▶ **TASK PROMPT**
Starting at the line that contains "En flaske 2021" and stopping at the line that contains "Follow Your Dreams Postcard", restate each line of the records below exactly. Omit the pictures.

▶ **MATERIAL TO PROCESS**
- Opening Delimiter -

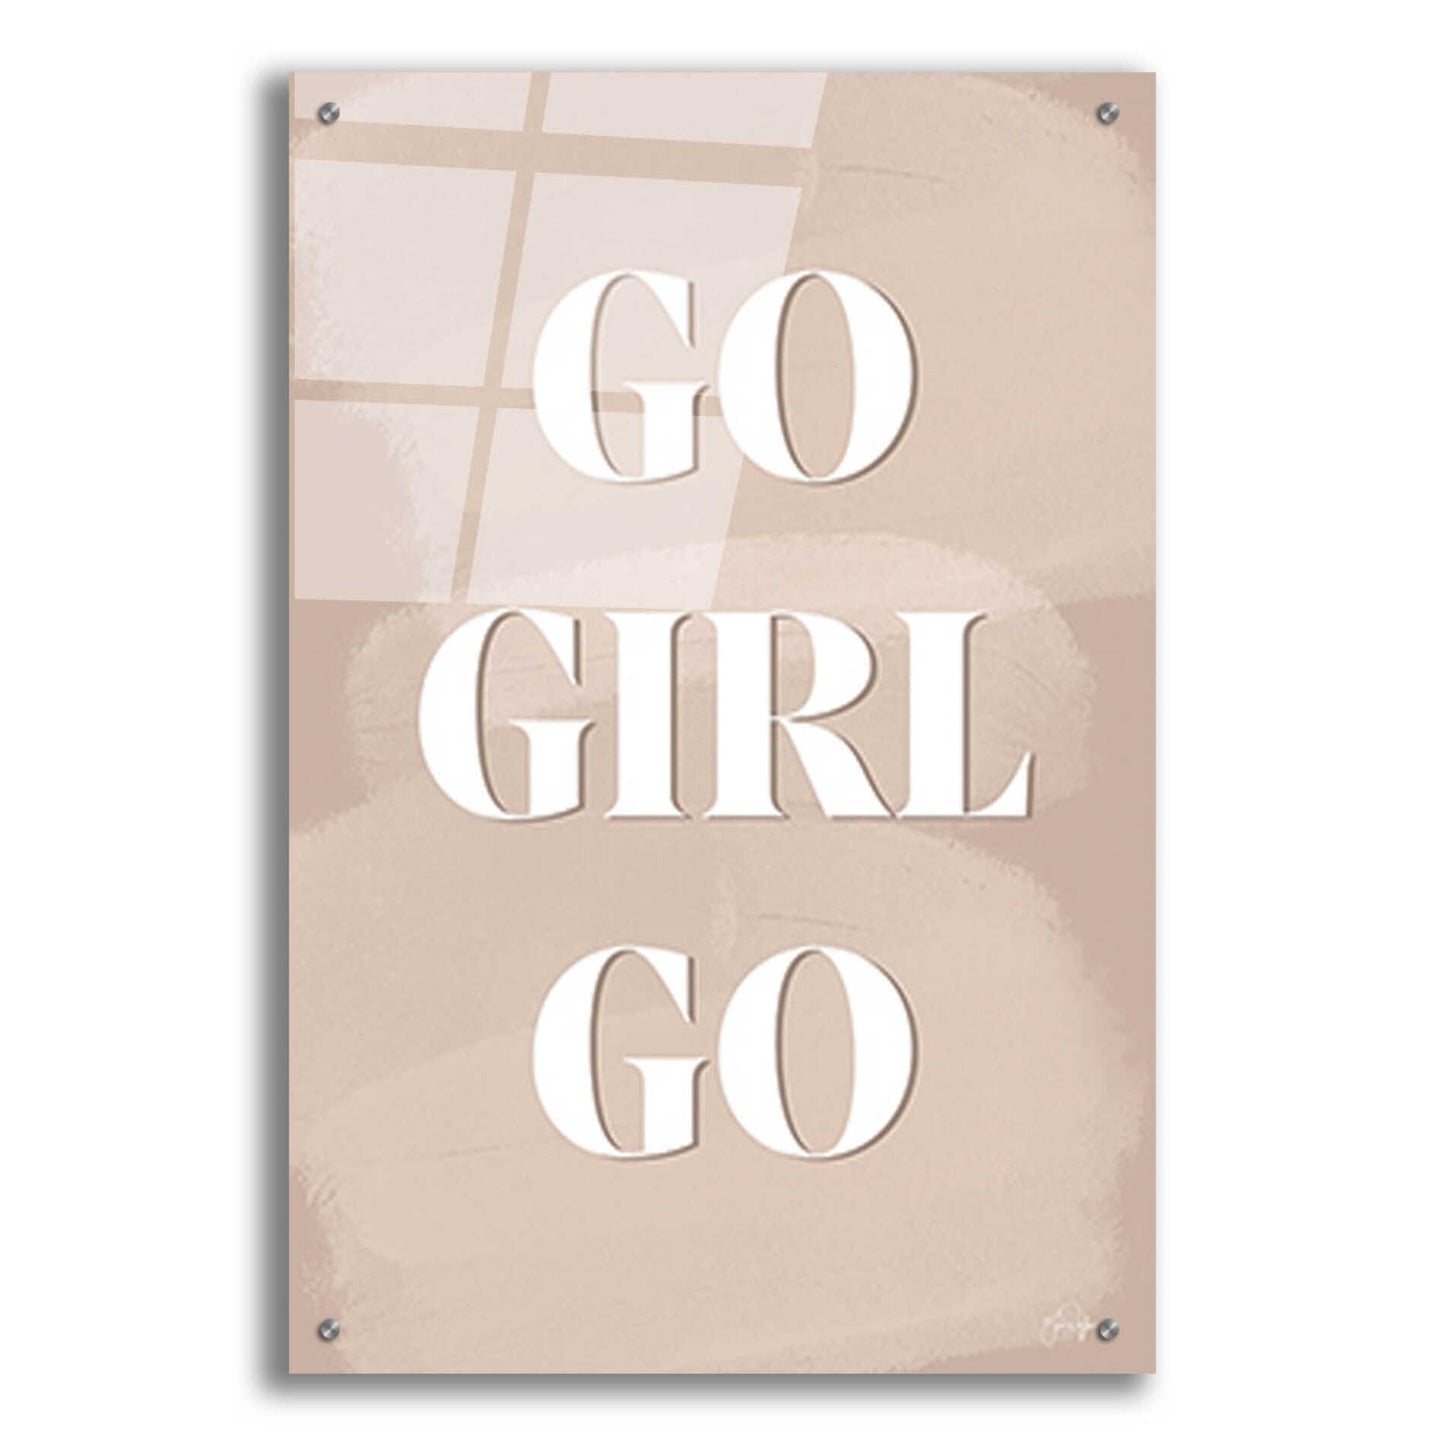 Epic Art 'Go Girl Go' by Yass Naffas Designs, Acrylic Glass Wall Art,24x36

- Closing Delimiter -
- Opening Delimiter -

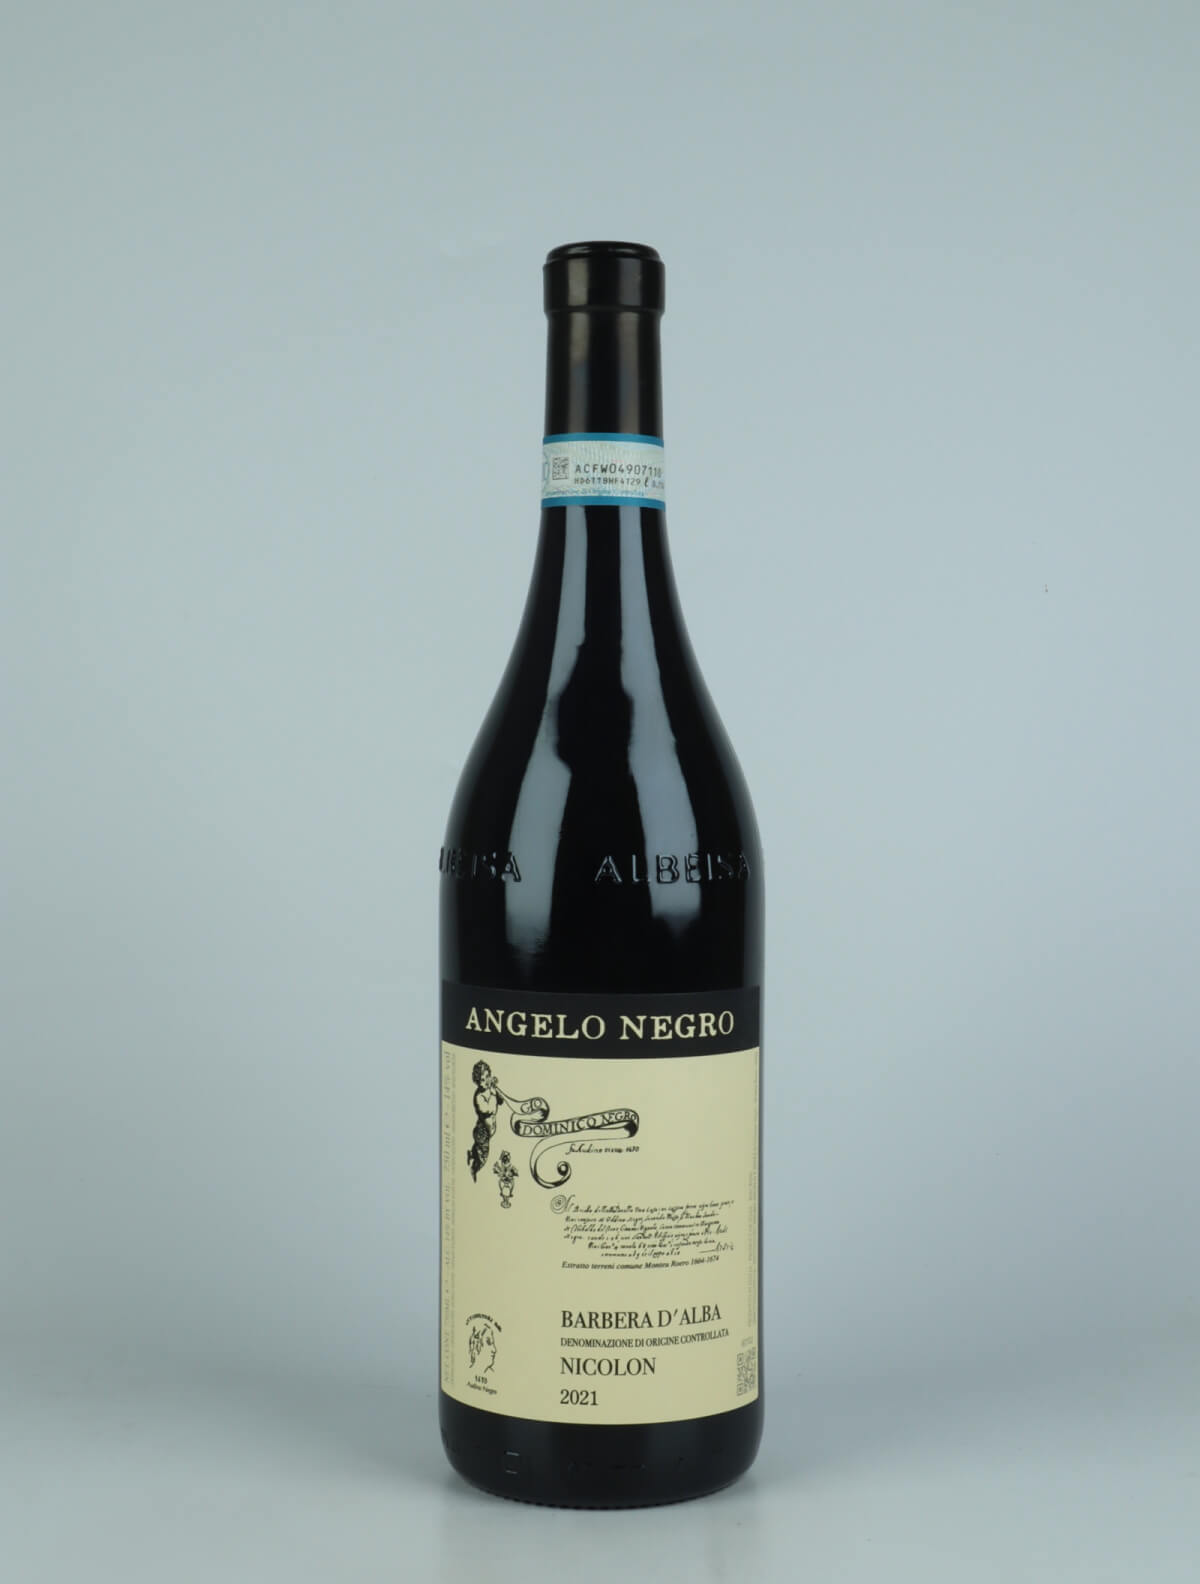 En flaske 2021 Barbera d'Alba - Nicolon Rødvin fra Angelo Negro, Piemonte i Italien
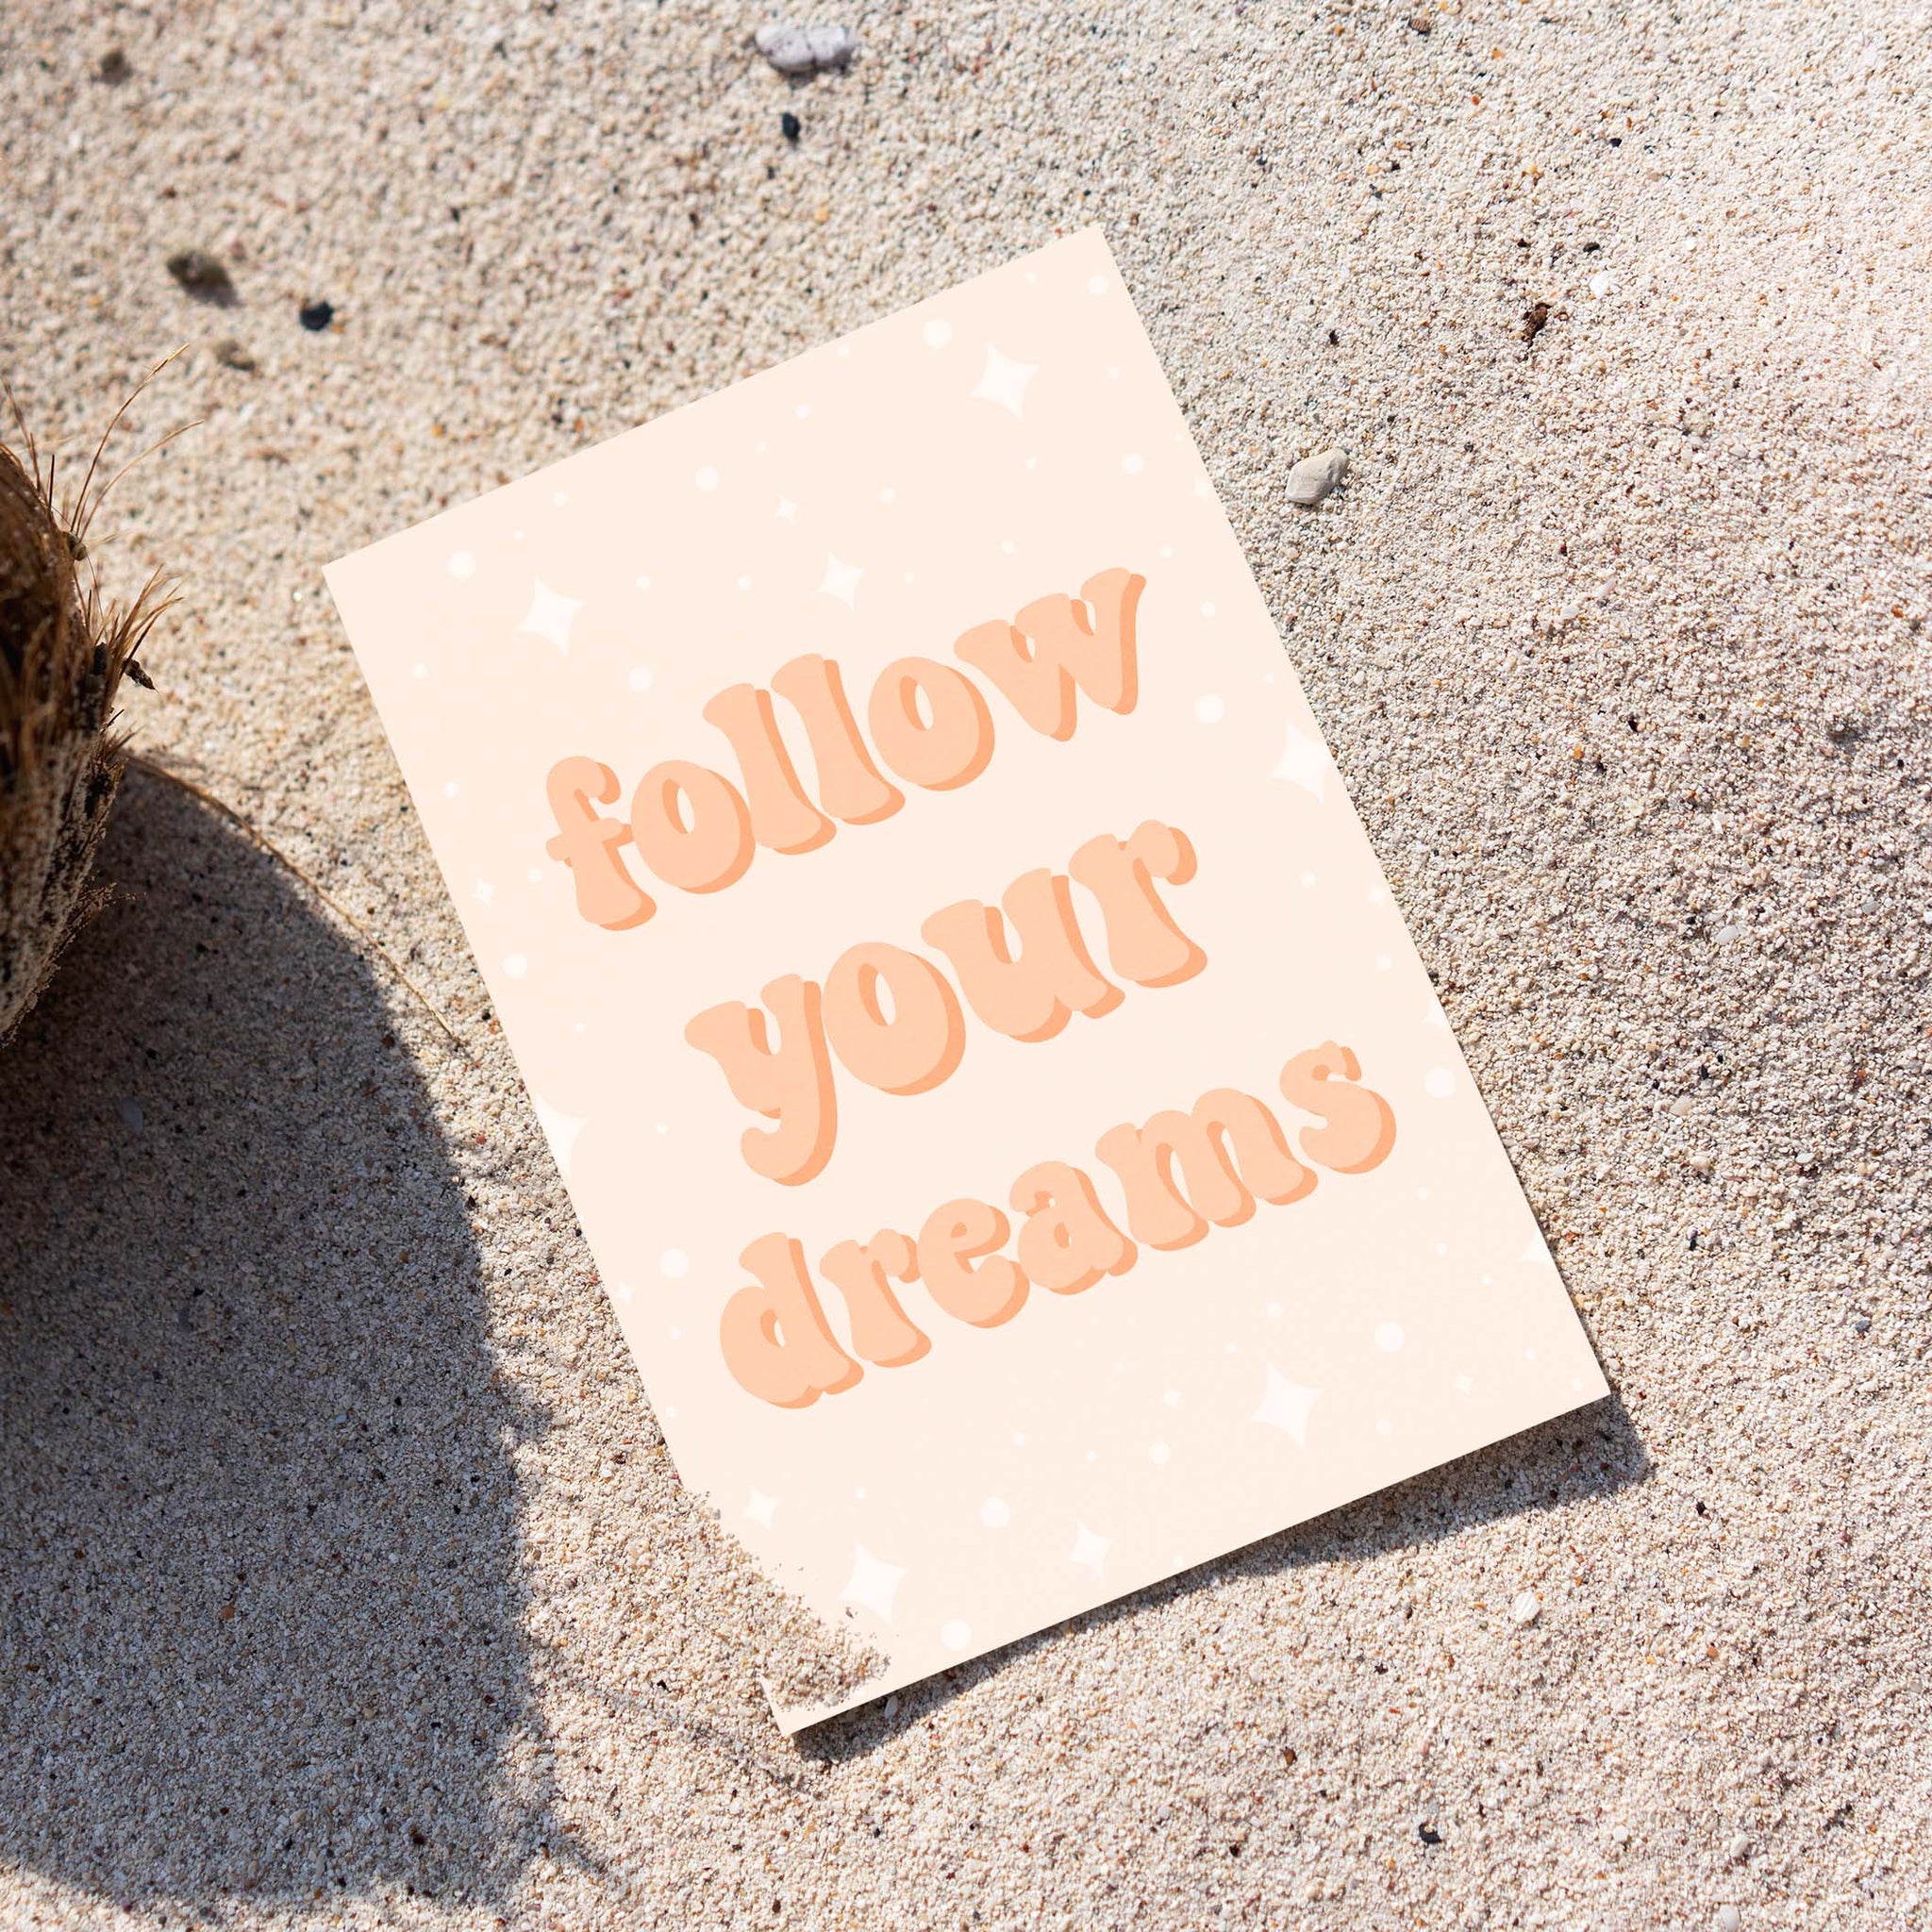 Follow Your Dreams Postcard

- Closing Delimiter -
- Opening Delimiter -

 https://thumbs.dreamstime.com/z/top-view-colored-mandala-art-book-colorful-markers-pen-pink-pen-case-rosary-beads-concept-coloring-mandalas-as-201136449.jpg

- Closing Delimiter -

▶ **RESPONSE TO THE TASK**
 En flaske 2021 Barbera d'Alba - Nicolon Rødvin fra Angelo Negro, Piemonte i Italien
 Follow Your Dreams Postcard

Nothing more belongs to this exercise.